Widower Notes n Thoughts:
- A neighbor of mine lost his husband and he recently wrote a blog where part of it was about how people kinda go away after a while… they stop “checking in”… they simply go on with their lives. Widowhood is an isolating experience, even at the beginning when you are surrounded by friends and family. Even though I understand that people love me, care for me, and are there for me whenever I may need them, I still have that sense of being left… “alone”.
- I’ve known Kateri’s Death Date was coming up, but I haven’t really been able to give it much thought until today. With my Mom dying on February 27th, Kateri’s mom passing on April 1st, and with the normal wear and tear of the daily grind… I just haven’t given it the time. I guess that’s one of the reasons I took today off…!.. I wanted to take the time… and to have the space… to remember Kateri and my life with her.
- Kateri taught me soooo much in life. I’m not the same person I was when we met. Kateri showed me how to be a better person. Kateri gave me daily examples of how to treat other people, how to find beauty in unsuspecting places, and what the important things in life are. One of the things I love about Kateri is that she didn’t change much throughout our life together. She didn’t need to. She knew who she was, what was right, and she stayed true to herself throughout her life. She was an impressive woman.

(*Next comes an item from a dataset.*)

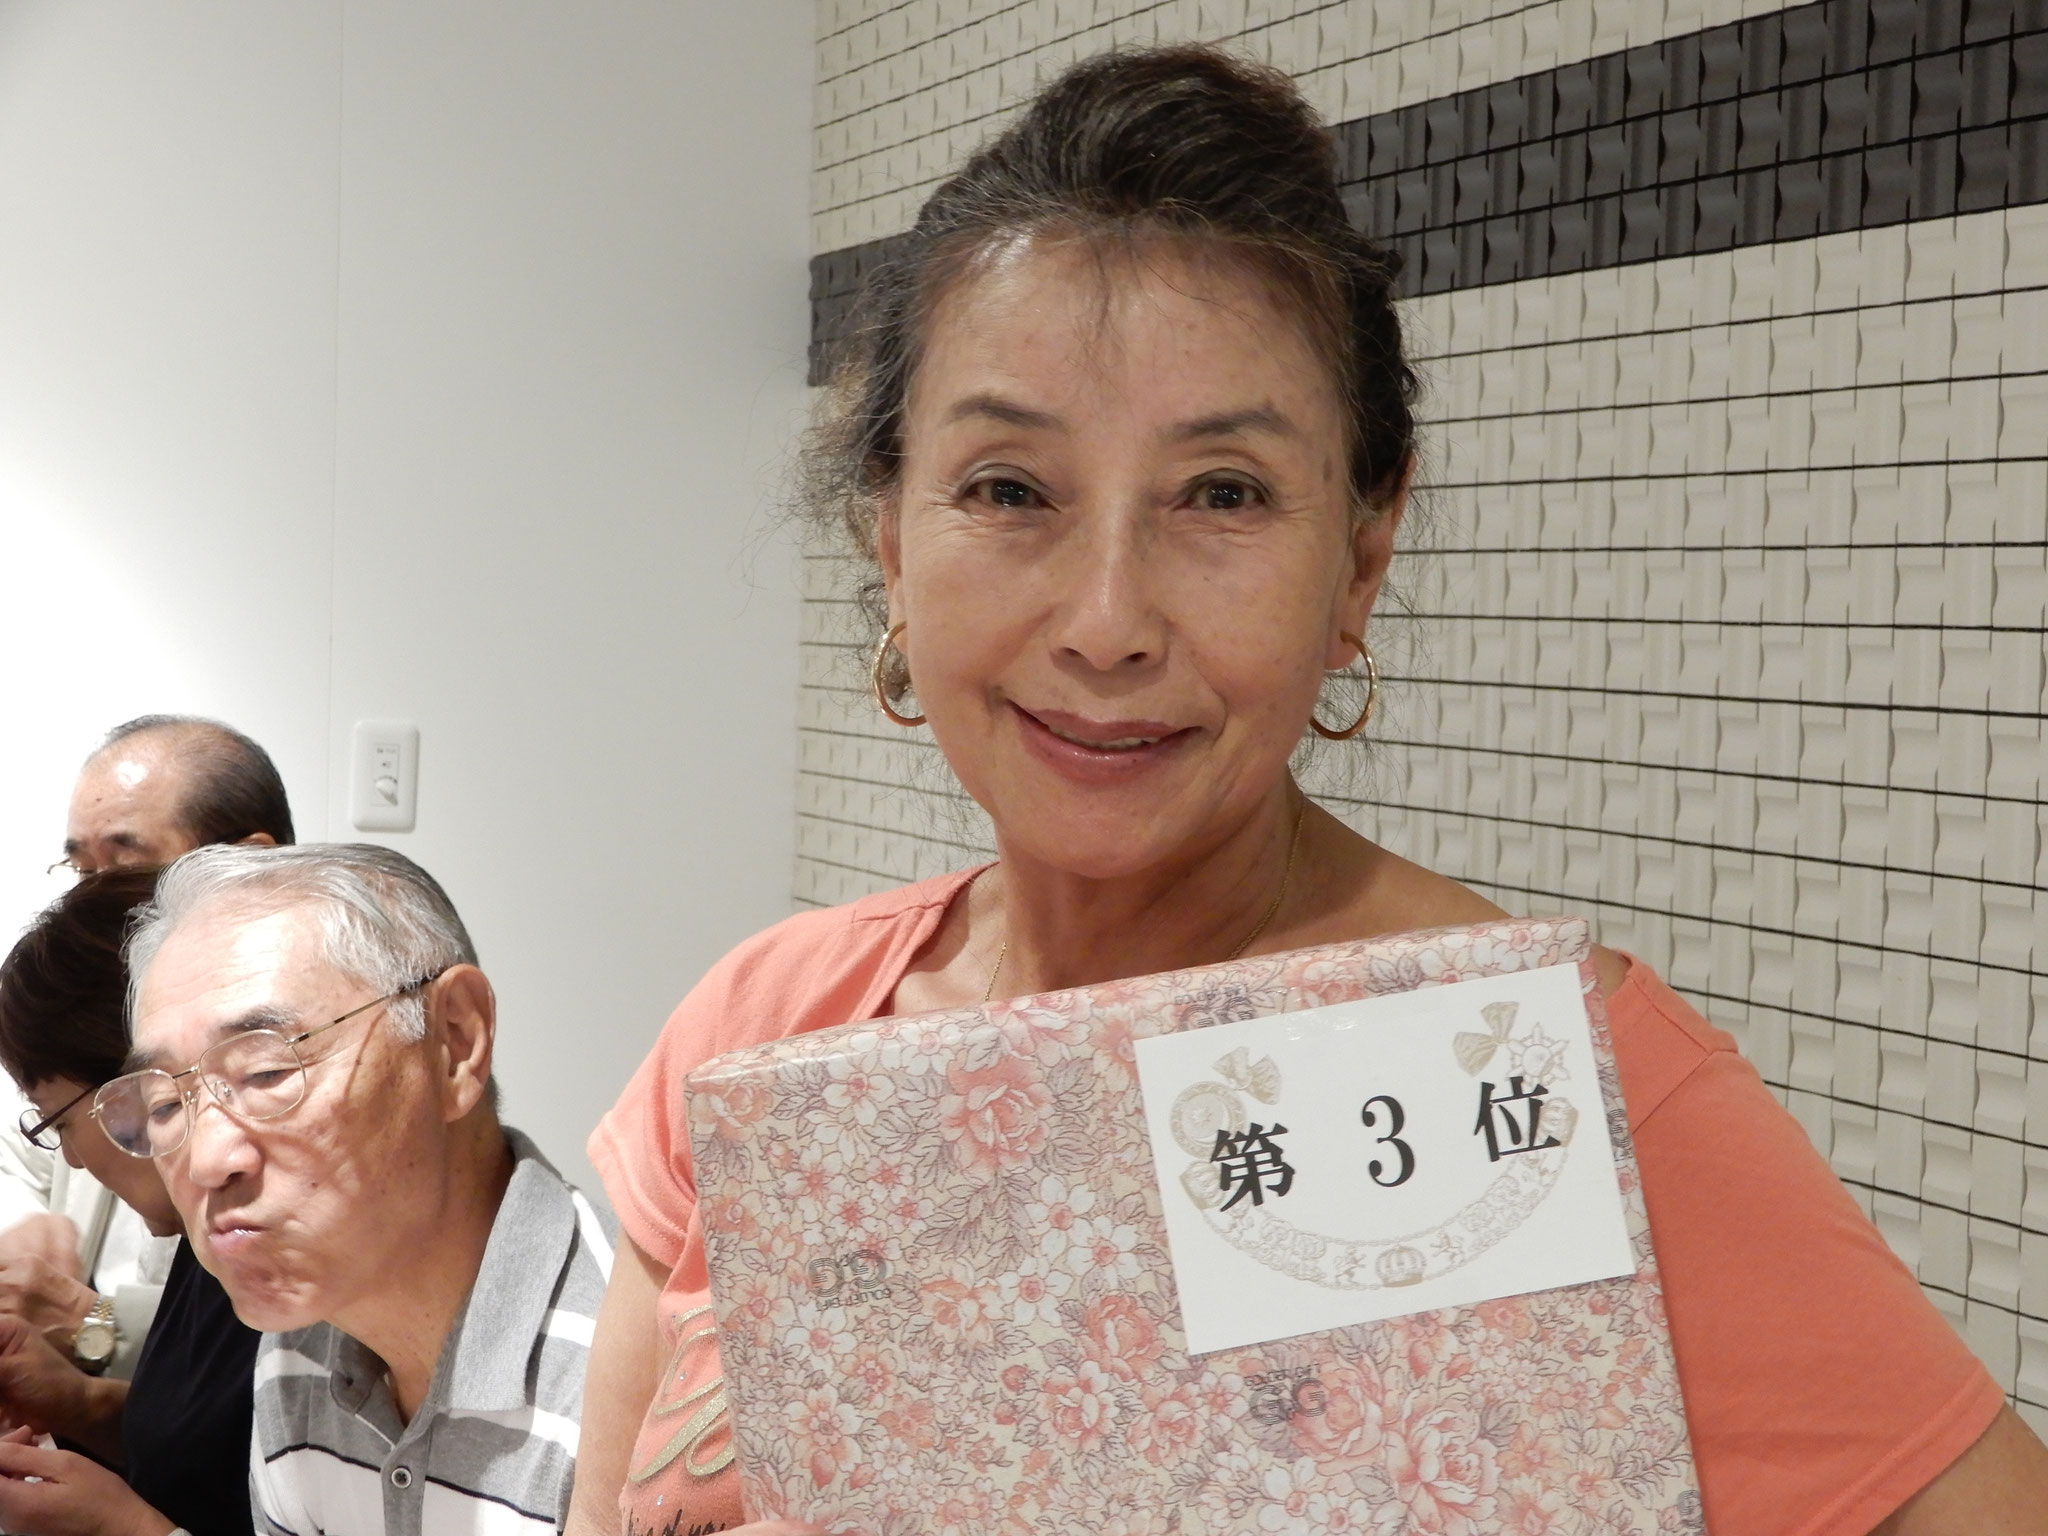 3位: <小宮幸恵> 前会長の実力発揮か?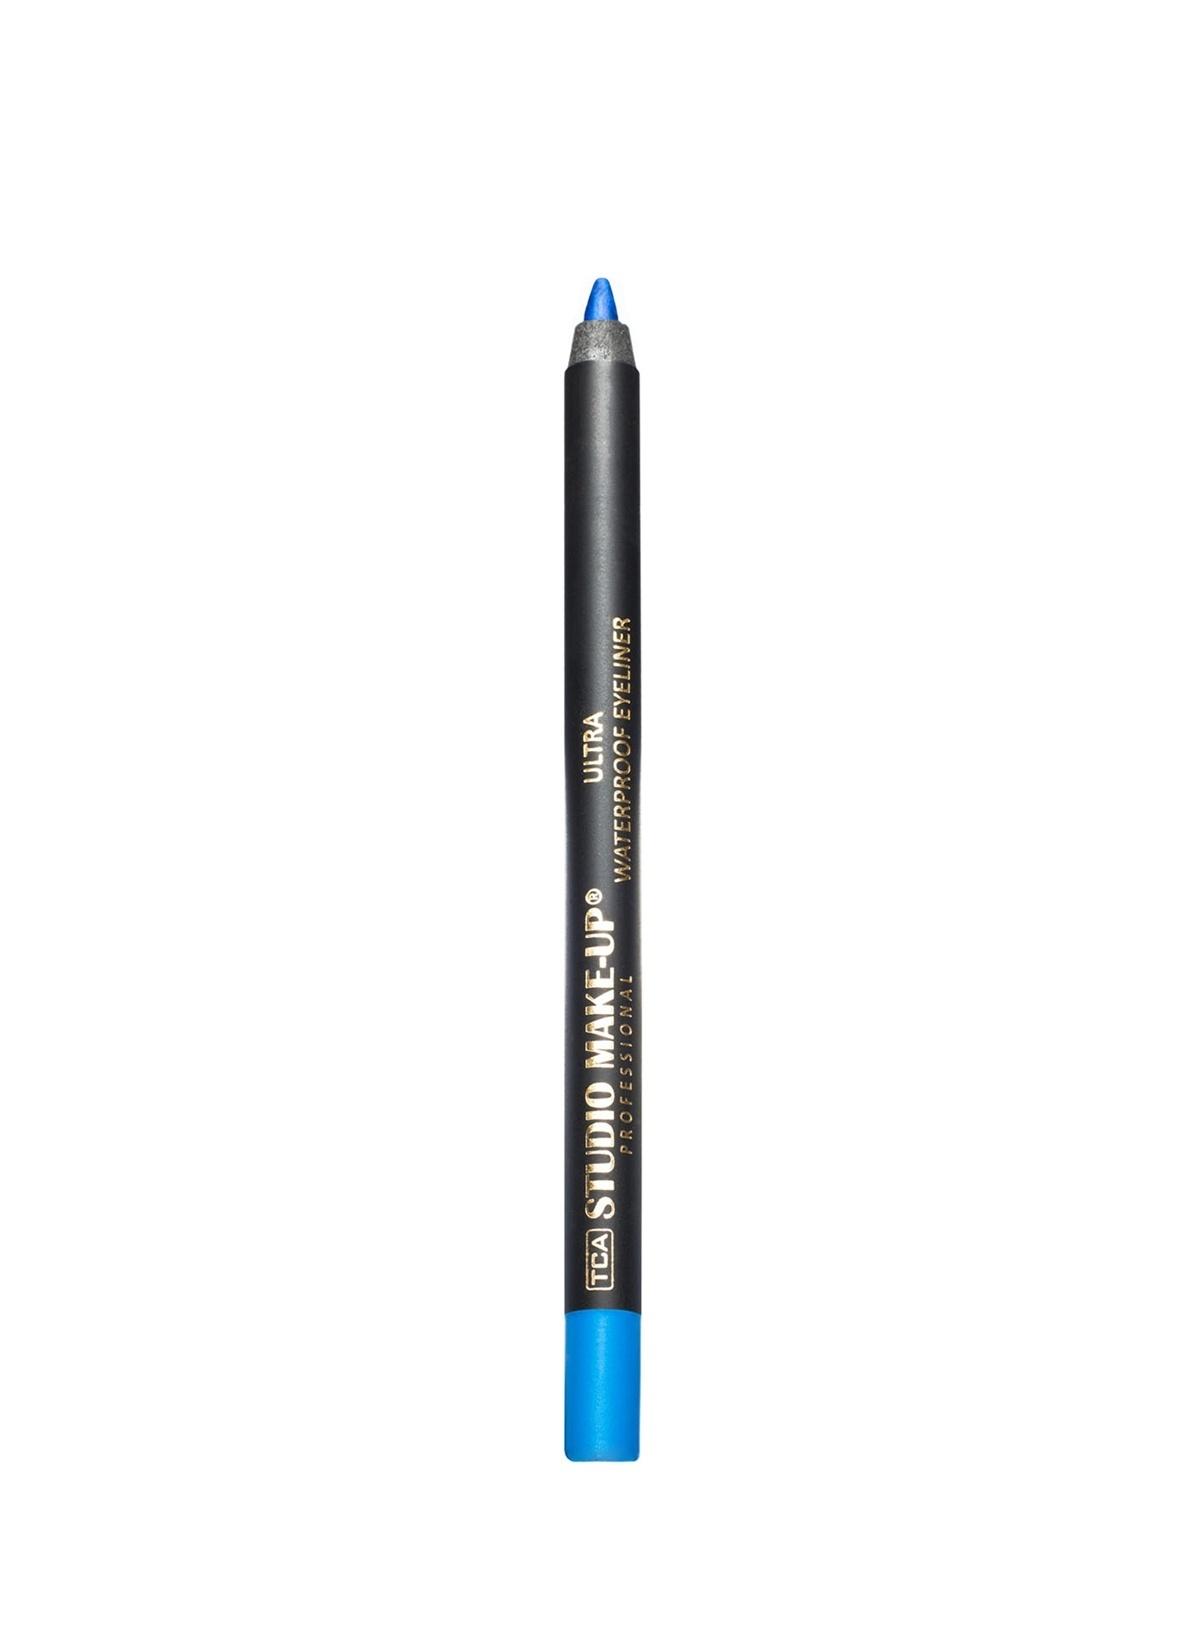 Tca Studio Make Up Ultrawaterproof Eyeliner 808 Dark Blue Tca Studıo Make-up Ultrawaterproof Eyelı – 9.99 TL

- The time she rode a bucking bronco, flannel shirts & hoodies, “Balls!”, flowers and flower gardens but not tulips in a row, The Band, outdoor showers, long walks on dirt roads, Hopes n Dreams, chickens, “Yes please!” and “Who makes the best coffee in the world?!”, Lippy/Lipper/Lipstorm… but not Lipstick, a Toyota with a wooden bed, bowling balls on the side of the road (fyi… it costed around $23 to mail a bowling ball across the country in 2002… and she called it a “gutter ball”), bathtubs deep enough for boobs to float in, yard art, sufferin’ succotash, going to the beach in the summertime… going to the ocean in the off season, mini-Fridays, overalls and Darn Toughs, New Hampshire is a state… Vermont is a state of mind, the floor couch, “pills” & Pocket People, 1973 Super Beetles that were five different shades of orange, Dancing the Trump away, Dancing in the car/dancing in the living room/dancing in the kitchen or anywhere and at whatever time it needed to happen…….. Kateri’s Dance with Cancer. My life with Kateri was cut short by powers beyond my control, but I have a million and a half memories that remind me of why I loved her so much and how much she gave to the people in her life.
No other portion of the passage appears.